Mr White said that earlier this week he saw Mr Dooley outside the tribunal offices "in good form minutes after he was upset in the witness box".

"I think an awful lot of it is an act, to be honest with you."

Mr White told Mr Humphries that he thought Mr Dooley "walked out of the job very handily, with a nice package I would think. That's my view of John Dooley," he said.

"He's an opportunistic fellow, he has played the system."

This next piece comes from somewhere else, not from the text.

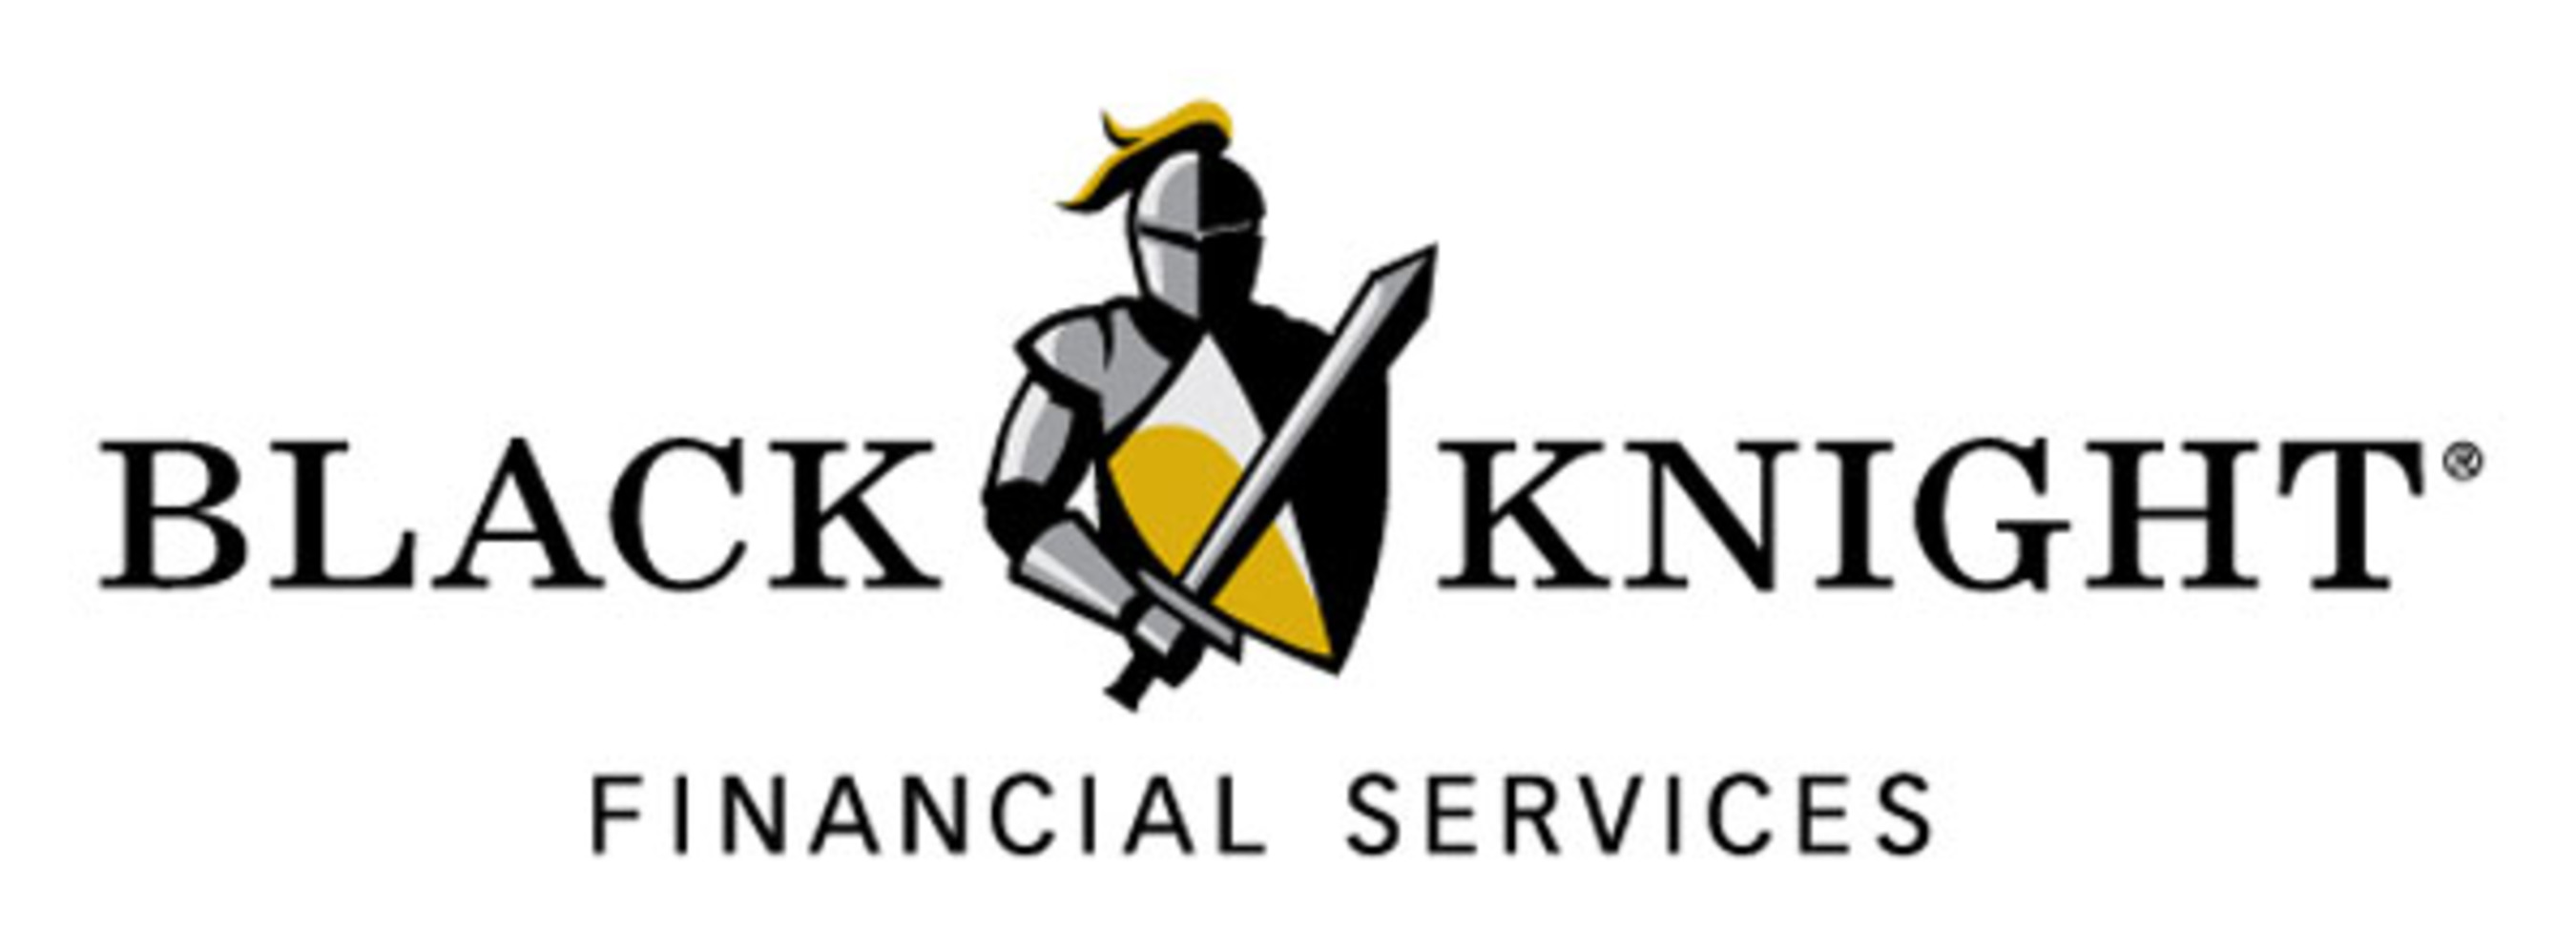 Black Knight Financial Services (NYSE: BKFS) logo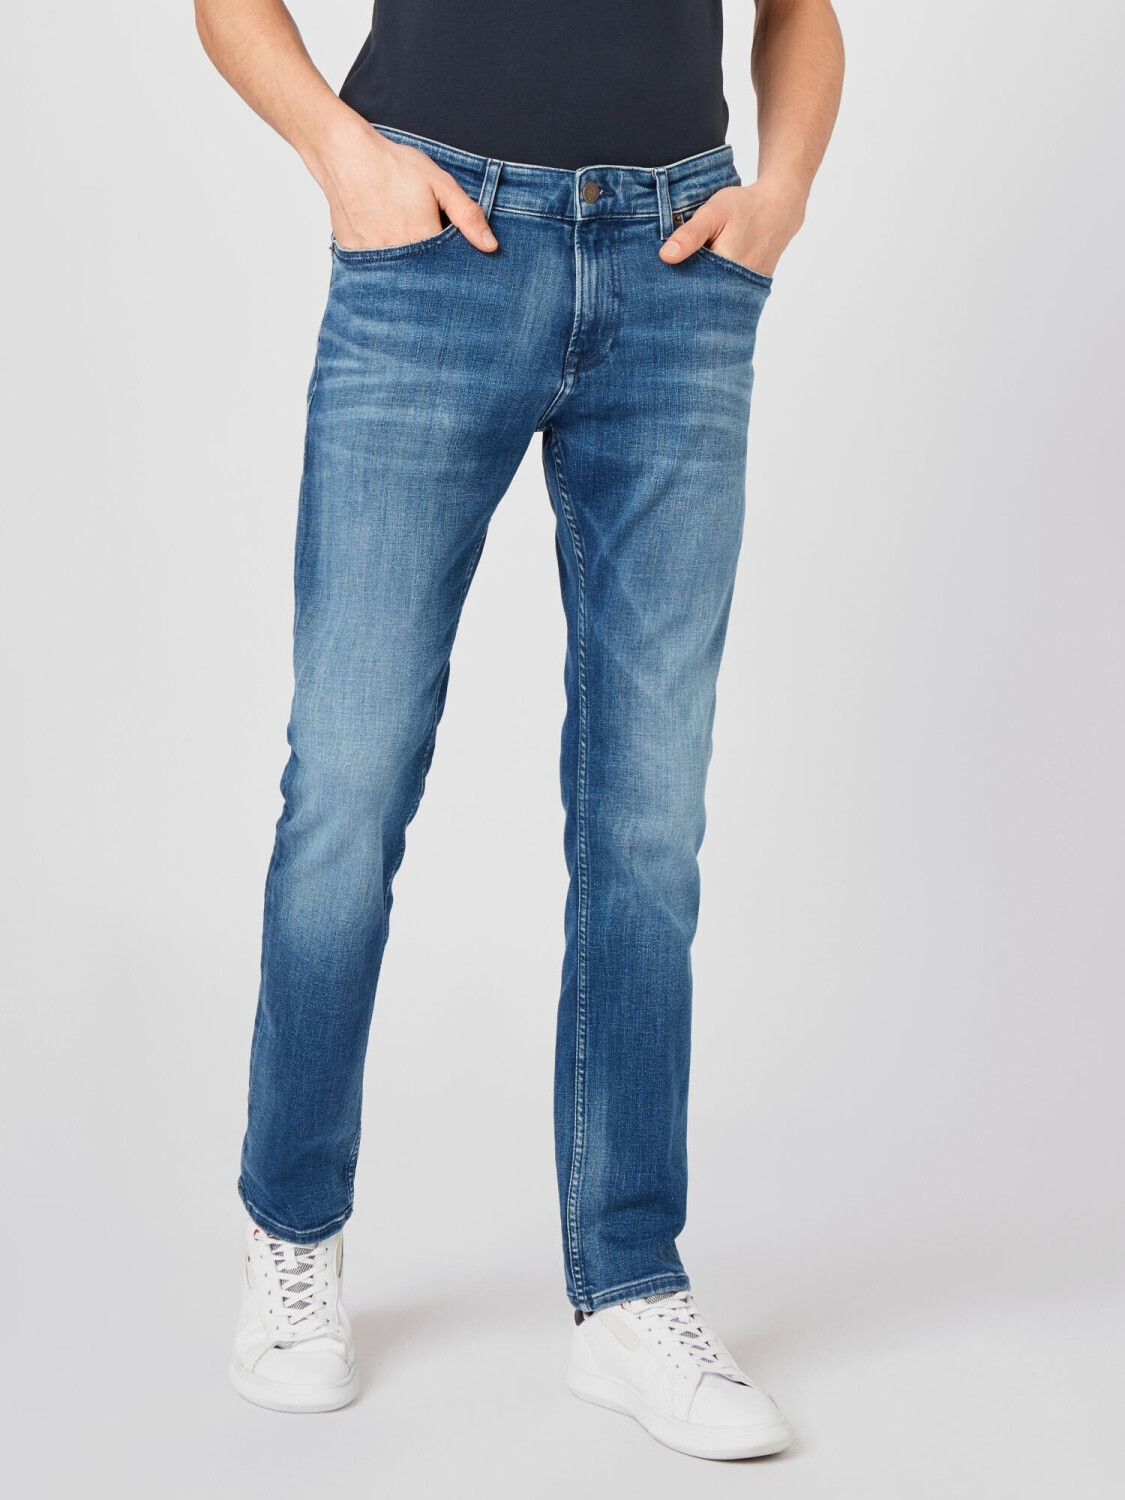 Buy Tommy Hilfiger Scanton Slim Fit Jeans dynamic jacob mid blue ...

Mr Humphries said there was "a medical context" to Mr Dooley's evidence, and that "it was medically in his interest to make a clean breast of things," while there were "question marks over Mr White's credibility".

"I have never assaulted a woman in my life," Mr White told the tribunal. "There have been altercations with male prisoners when I have been in the room with them, not with a woman - it's as simple as that."

Mr White said he did tell Ms McConnell to put out a cigarette, and "that would be normal procedure", and he said he "skidded her chair" across the room after telling her to stand up.

"It was an attempt to bring Mrs McConnell to her senses, to show her this was a very serious matter," Mr White said. He also said Ms McConnell was shown postmortem photographs, but said they were not pushed into her face as she had said.

He said Det Garda Dooley was present during these incidents, but Garda Georgina Lohan was not. The tribunal has found that Mr Barron died in a hit-and-run and all those arrested in 1996, including Ms McConnell, were innocent.